Fundamental corporate metrics are retrieved via TradingView's Financial Data API. These include earnings per share, price-to-earnings ratio, return on equity, debt-to-equity ratio, dividend yield, and share buyback yield. Cochrane (2011) emphasizes in "Presidential Address: Discount Rates" the central importance of valuation metrics for forecasting future returns, making these fundamental data a cornerstone of the model.
Volatility indicators are represented by the CBOE Volatility Index (VIX) and related metrics. The VIX, often referred to as the market's "fear gauge," measures the implied volatility of S&P 500 index options and serves as a proxy for market participants' risk perception. Whaley (2000) describes in "The Investor Fear Gauge" the construction and interpretation of the VIX and its use as a sentiment indicator.
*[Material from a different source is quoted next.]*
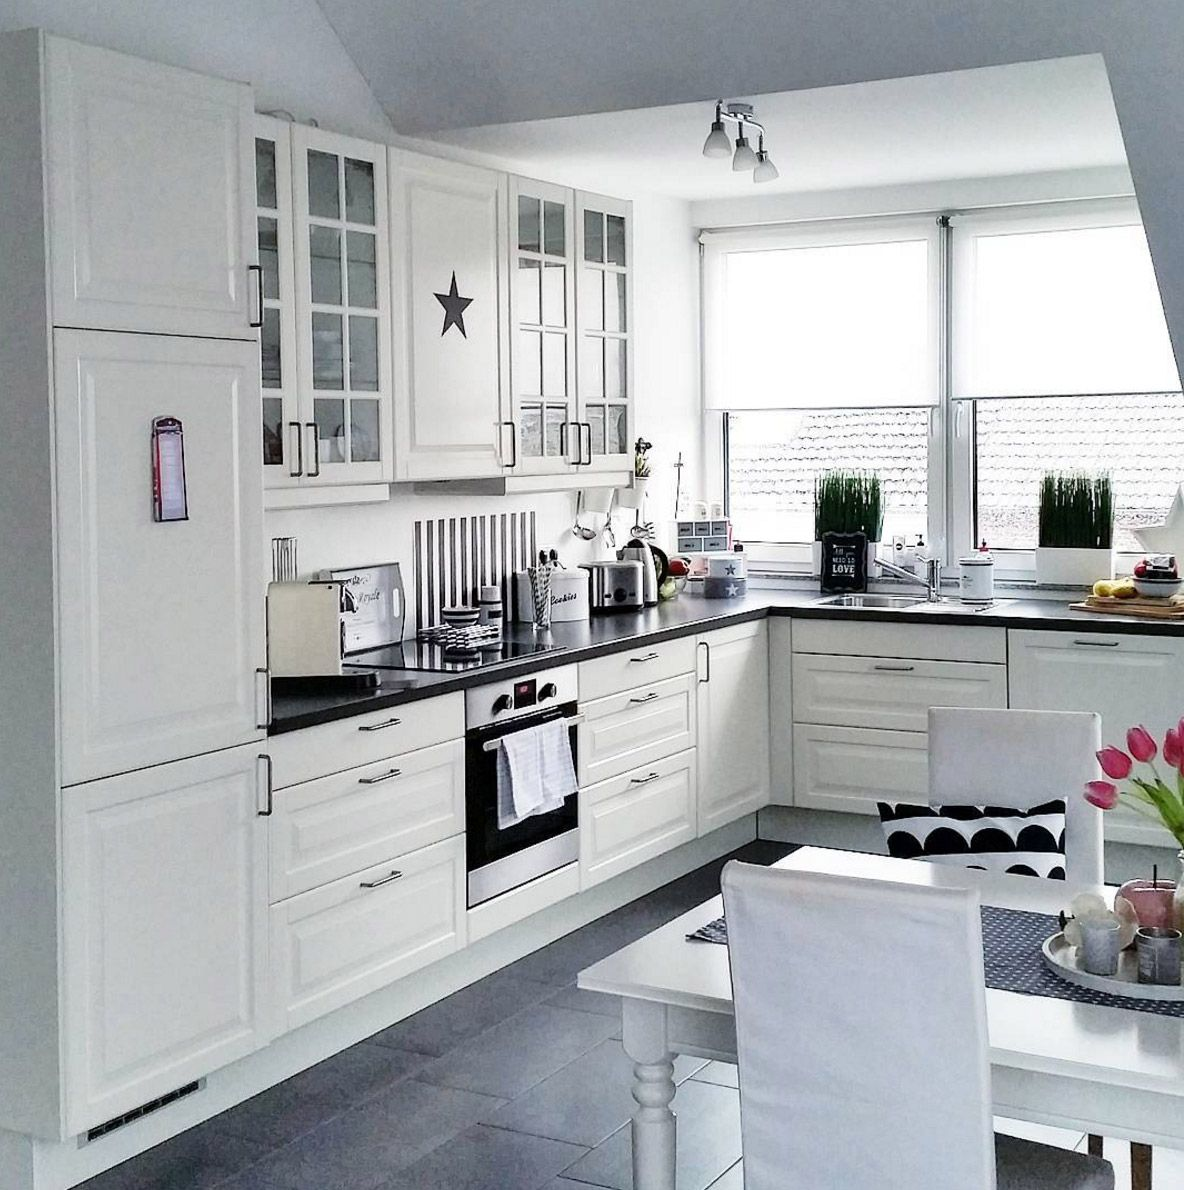 Rollo Küche Ikea | Dachfenster Gardinen Ikea Amuda Me

Macroeconomic data includes yield curve information through US Treasury bonds of various maturities and credit risk premiums through the spread between high-yield bonds and risk-free government bonds. These variables capture the macroeconomic conditions and financing conditions relevant for equity valuation. Estrella and Hardouvelis (1991) showed that the shape of the yield curve has predictive power for future economic activity, justifying the inclusion of these data.
2.2 Handling Missing Data
A practical problem when working with financial data is dealing with missing or unavailable values. The model implements a fallback system where a plausible historical average value is stored for each fundamental metric. When current data is unavailable for a specific point in time, this fallback value is used. This approach ensures that the model remains functional even during temporary data outages and avoids systematic biases from missing data. The use of average values as fallback is conservative, as it generates neither overly optimistic nor pessimistic signals.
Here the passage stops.